# To do
Nothing but the lines from the start of the records through the line that contains "شلوار جین راسته" is to be copied, and each is to be copied exactly.

# The input

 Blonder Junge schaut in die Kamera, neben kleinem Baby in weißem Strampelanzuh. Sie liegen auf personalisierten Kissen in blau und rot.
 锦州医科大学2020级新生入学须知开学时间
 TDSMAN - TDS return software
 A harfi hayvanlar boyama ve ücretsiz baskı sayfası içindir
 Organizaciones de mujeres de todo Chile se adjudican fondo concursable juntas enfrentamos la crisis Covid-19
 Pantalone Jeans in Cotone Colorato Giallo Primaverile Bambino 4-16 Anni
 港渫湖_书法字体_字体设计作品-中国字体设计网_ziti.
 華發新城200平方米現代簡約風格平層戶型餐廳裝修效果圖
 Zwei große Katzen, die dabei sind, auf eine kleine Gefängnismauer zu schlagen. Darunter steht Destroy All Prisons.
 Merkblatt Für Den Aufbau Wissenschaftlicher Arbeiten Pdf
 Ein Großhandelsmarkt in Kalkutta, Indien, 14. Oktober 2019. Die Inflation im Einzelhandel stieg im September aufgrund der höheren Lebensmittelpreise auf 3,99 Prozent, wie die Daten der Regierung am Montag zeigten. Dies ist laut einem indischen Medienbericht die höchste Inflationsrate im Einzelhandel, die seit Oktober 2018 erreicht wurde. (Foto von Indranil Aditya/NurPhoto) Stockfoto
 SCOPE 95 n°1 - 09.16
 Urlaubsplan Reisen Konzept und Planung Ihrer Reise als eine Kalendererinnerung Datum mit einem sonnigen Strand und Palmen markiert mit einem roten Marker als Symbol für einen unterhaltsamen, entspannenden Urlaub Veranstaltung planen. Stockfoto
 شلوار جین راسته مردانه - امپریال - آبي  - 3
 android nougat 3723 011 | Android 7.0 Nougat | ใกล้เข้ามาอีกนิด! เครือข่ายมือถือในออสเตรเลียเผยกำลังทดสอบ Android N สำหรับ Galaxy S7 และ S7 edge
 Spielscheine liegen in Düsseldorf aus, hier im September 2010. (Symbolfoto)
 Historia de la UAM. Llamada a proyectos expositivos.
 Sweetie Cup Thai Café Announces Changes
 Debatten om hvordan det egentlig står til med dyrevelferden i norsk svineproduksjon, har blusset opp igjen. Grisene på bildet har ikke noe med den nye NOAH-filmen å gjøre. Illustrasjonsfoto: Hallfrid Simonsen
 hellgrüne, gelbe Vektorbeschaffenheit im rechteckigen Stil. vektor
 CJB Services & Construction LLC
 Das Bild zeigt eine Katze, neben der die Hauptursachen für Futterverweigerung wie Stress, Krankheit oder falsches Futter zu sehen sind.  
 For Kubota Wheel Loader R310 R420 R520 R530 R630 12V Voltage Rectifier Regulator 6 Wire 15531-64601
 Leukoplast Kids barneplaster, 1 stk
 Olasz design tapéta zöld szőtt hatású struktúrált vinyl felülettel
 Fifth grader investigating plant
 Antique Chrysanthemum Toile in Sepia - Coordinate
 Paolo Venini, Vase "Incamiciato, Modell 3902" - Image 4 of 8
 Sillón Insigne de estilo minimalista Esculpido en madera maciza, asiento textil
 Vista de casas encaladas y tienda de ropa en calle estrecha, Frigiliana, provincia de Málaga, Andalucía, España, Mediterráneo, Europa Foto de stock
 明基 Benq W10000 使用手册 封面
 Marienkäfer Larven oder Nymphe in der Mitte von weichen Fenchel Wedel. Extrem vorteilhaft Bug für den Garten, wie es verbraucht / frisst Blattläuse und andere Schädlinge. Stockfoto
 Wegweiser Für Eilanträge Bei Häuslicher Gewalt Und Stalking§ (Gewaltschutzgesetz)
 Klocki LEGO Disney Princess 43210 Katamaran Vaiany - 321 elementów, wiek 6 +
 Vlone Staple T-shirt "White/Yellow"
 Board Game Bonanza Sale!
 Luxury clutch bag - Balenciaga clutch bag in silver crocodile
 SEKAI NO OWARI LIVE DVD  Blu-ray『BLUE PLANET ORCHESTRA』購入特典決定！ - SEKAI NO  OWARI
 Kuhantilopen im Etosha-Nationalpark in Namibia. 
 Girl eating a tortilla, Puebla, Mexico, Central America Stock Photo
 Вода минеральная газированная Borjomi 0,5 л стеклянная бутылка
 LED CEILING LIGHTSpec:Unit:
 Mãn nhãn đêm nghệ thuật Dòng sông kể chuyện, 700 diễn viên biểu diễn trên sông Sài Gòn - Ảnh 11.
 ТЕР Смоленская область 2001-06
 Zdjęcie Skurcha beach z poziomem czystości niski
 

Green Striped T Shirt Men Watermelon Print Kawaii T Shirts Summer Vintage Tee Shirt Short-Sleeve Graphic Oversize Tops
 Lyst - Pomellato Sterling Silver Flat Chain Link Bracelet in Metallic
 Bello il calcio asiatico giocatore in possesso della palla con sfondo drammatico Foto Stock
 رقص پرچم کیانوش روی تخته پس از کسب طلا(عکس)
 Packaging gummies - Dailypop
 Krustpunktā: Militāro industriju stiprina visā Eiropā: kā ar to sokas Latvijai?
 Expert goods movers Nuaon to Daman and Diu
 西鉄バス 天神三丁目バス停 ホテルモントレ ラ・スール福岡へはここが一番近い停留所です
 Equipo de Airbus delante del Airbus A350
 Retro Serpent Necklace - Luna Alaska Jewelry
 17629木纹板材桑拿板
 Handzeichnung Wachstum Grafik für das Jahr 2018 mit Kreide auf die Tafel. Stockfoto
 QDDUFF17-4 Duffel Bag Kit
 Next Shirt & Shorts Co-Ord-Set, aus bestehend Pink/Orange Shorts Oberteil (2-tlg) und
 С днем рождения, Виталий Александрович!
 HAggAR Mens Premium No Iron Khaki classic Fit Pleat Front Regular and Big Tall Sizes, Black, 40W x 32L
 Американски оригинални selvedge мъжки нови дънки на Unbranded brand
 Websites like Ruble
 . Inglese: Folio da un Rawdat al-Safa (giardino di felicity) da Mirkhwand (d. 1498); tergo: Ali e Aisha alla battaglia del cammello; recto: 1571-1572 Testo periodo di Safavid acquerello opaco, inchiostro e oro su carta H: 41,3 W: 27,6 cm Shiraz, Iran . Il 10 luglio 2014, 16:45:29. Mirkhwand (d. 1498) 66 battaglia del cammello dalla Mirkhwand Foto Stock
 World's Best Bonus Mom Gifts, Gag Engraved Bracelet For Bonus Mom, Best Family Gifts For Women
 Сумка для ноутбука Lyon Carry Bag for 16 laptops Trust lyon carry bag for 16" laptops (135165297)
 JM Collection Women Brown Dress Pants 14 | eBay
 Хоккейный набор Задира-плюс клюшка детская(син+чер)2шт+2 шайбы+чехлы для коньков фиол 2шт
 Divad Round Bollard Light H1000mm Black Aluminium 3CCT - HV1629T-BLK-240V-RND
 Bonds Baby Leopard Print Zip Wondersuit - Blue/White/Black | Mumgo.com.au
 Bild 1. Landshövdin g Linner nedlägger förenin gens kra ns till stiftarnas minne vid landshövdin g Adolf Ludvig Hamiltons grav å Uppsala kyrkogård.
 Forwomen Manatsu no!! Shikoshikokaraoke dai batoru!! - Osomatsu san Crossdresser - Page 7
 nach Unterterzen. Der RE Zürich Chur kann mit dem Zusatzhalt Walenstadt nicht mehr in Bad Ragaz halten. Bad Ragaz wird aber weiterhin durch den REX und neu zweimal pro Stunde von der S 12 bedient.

# Answer space
 Blonder Junge schaut in die Kamera, neben kleinem Baby in weißem Strampelanzuh. Sie liegen auf personalisierten Kissen in blau und rot.
 锦州医科大学2020级新生入学须知开学时间
 TDSMAN - TDS return software
 A harfi hayvanlar boyama ve ücretsiz baskı sayfası içindir
 Organizaciones de mujeres de todo Chile se adjudican fondo concursable juntas enfrentamos la crisis Covid-19
 Pantalone Jeans in Cotone Colorato Giallo Primaverile Bambino 4-16 Anni
 港渫湖_书法字体_字体设计作品-中国字体设计网_ziti.
 華發新城200平方米現代簡約風格平層戶型餐廳裝修效果圖
 Zwei große Katzen, die dabei sind, auf eine kleine Gefängnismauer zu schlagen. Darunter steht Destroy All Prisons.
 Merkblatt Für Den Aufbau Wissenschaftlicher Arbeiten Pdf
 Ein Großhandelsmarkt in Kalkutta, Indien, 14. Oktober 2019. Die Inflation im Einzelhandel stieg im September aufgrund der höheren Lebensmittelpreise auf 3,99 Prozent, wie die Daten der Regierung am Montag zeigten. Dies ist laut einem indischen Medienbericht die höchste Inflationsrate im Einzelhandel, die seit Oktober 2018 erreicht wurde. (Foto von Indranil Aditya/NurPhoto) Stockfoto
 SCOPE 95 n°1 - 09.16
 Urlaubsplan Reisen Konzept und Planung Ihrer Reise als eine Kalendererinnerung Datum mit einem sonnigen Strand und Palmen markiert mit einem roten Marker als Symbol für einen unterhaltsamen, entspannenden Urlaub Veranstaltung planen. Stockfoto
 شلوار جین راسته مردانه - امپریال - آبي  - 3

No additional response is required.